- **Your objective**
Please reproduce the lines of the records below from the one holding "Hand made Tribal" through the one holding "Item 771787, This", inclusive, skipping all pictures.

- **Raw data**
────
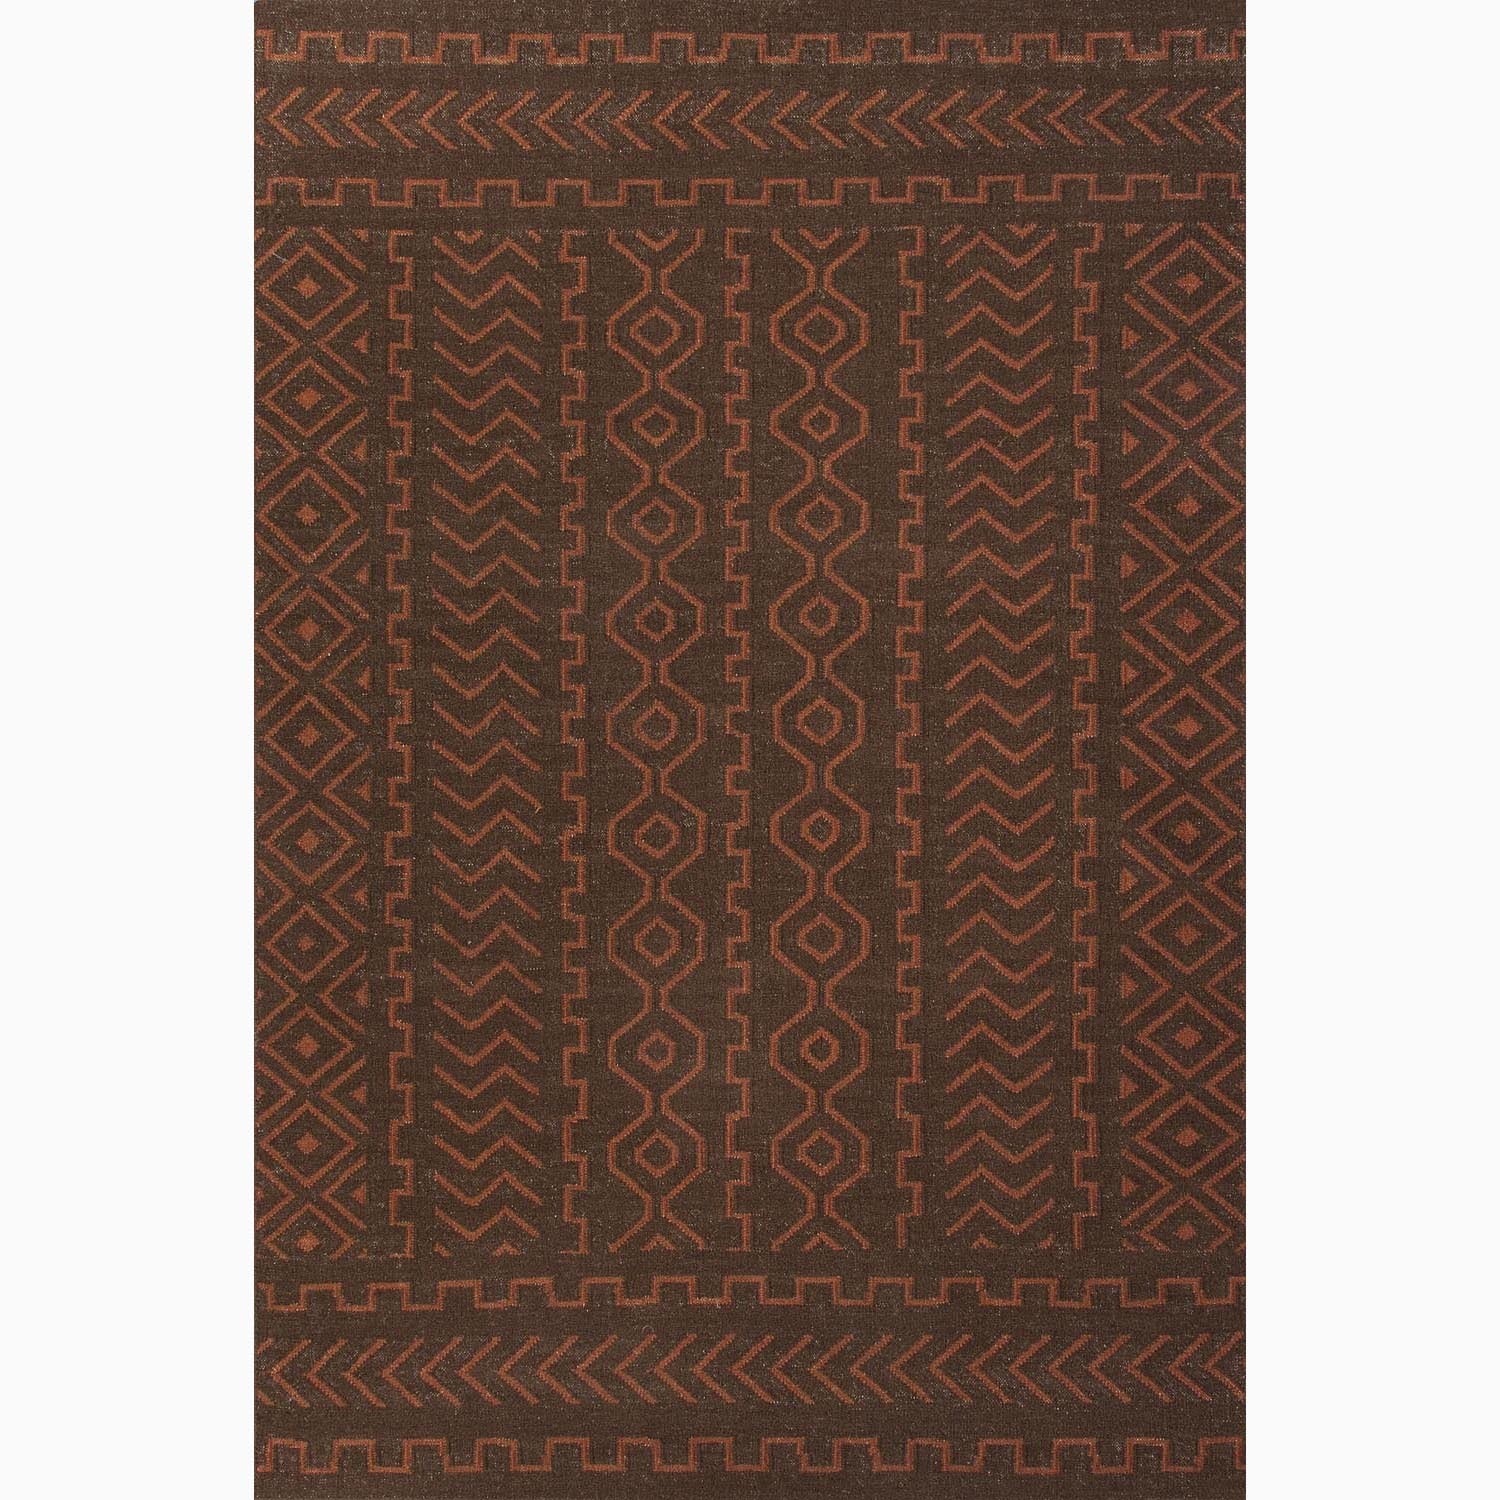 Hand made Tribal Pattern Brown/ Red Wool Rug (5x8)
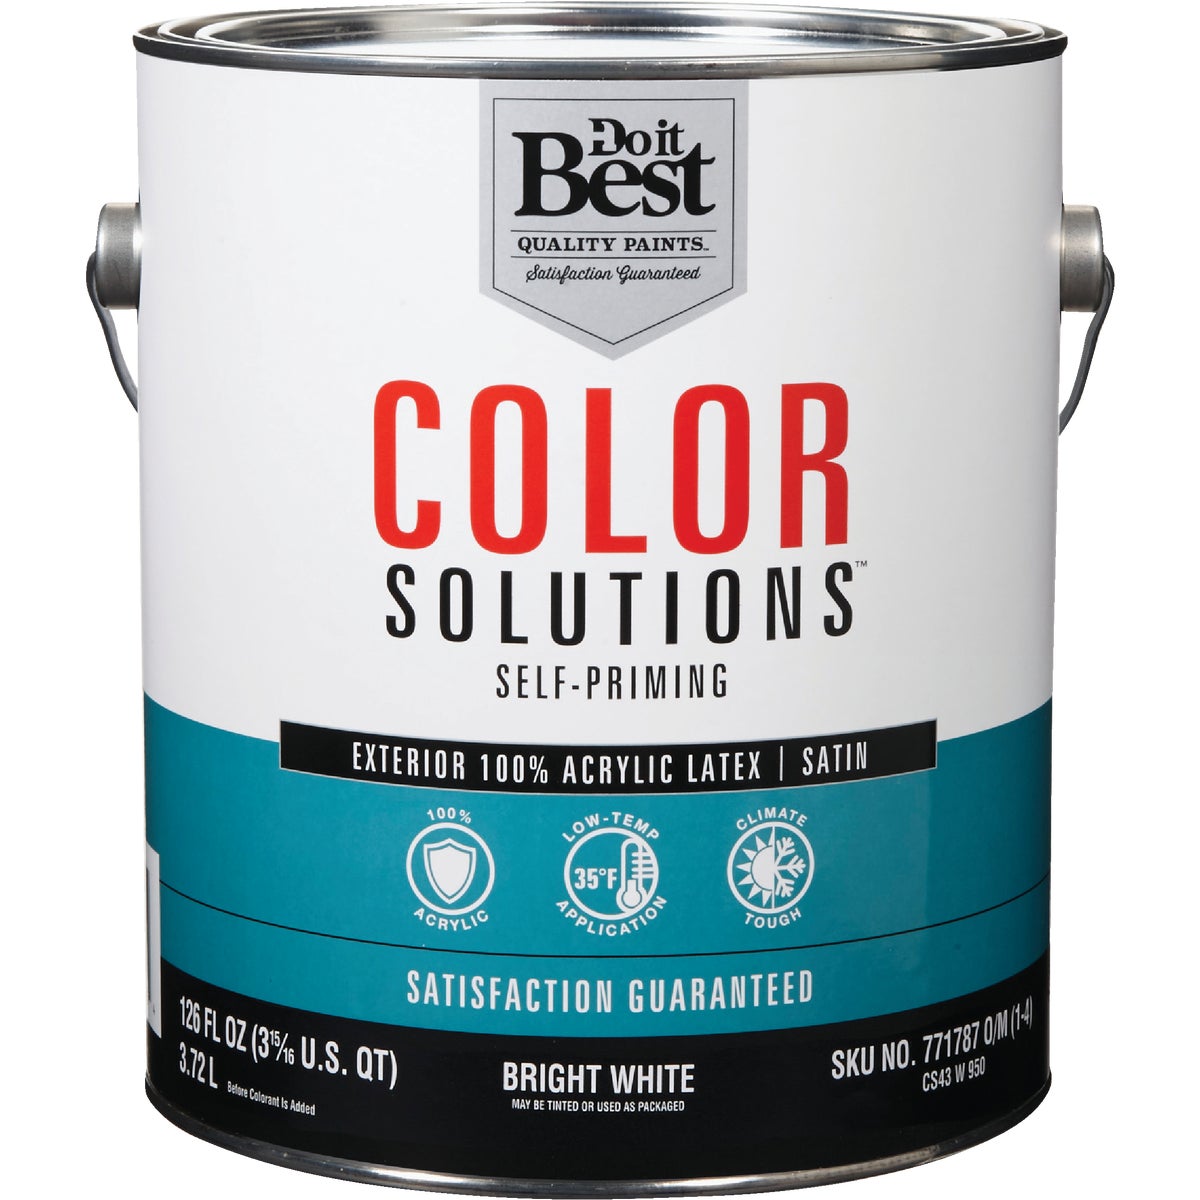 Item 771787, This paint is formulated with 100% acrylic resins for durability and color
────
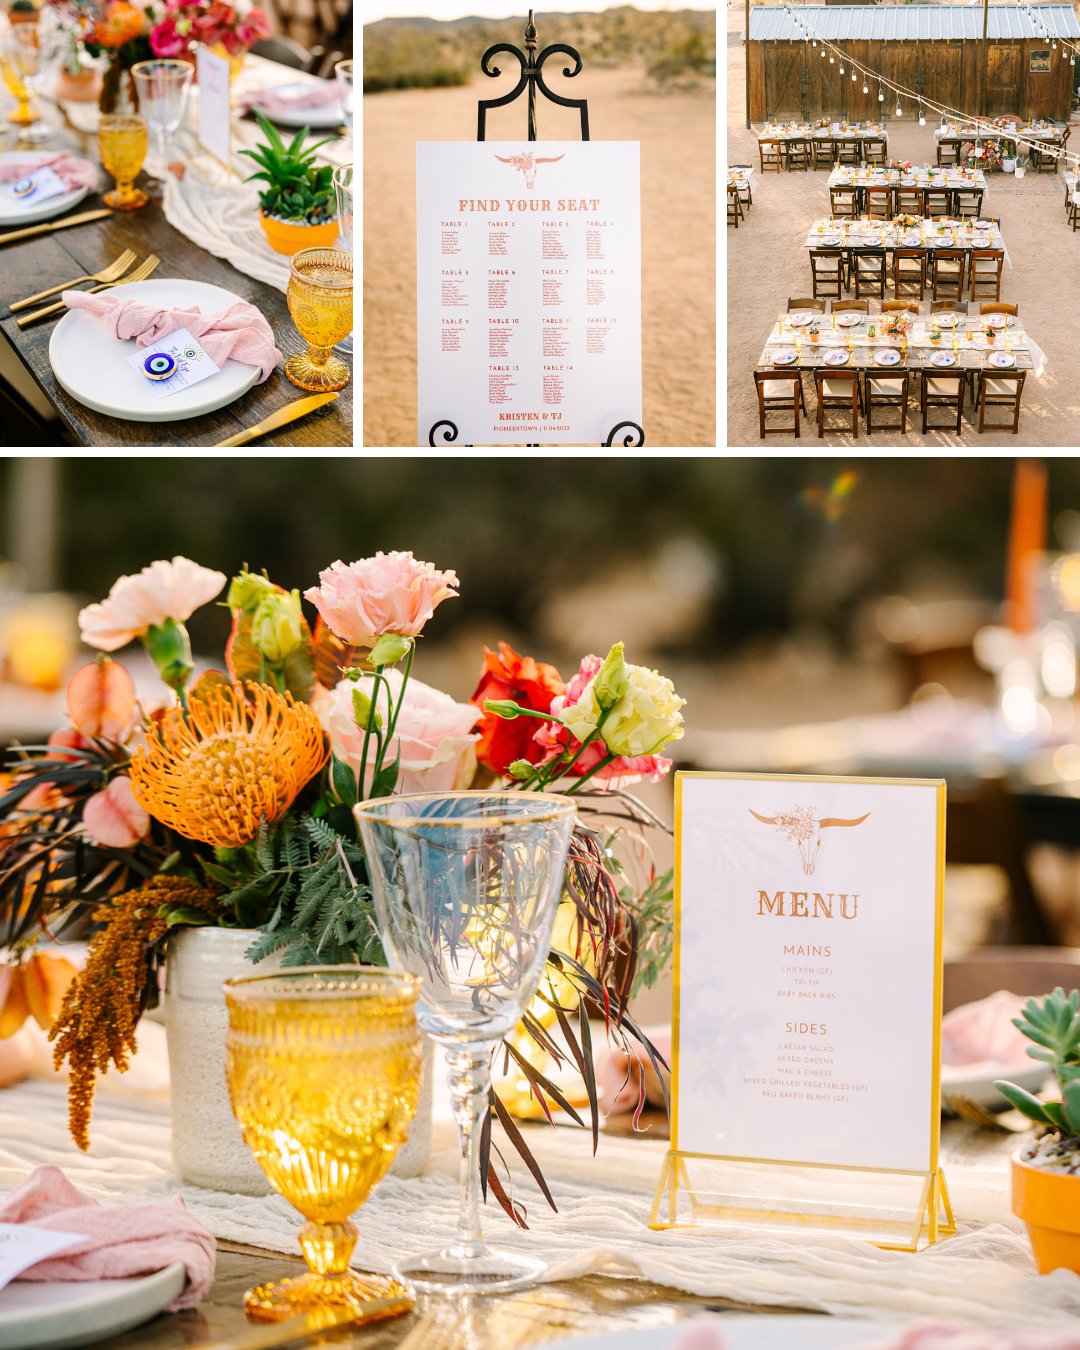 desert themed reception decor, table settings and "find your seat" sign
────
- **Written response**
 Hand made Tribal Pattern Brown/ Red Wool Rug (5x8)
 Item 771787, This paint is formulated with 100% acrylic resins for durability and color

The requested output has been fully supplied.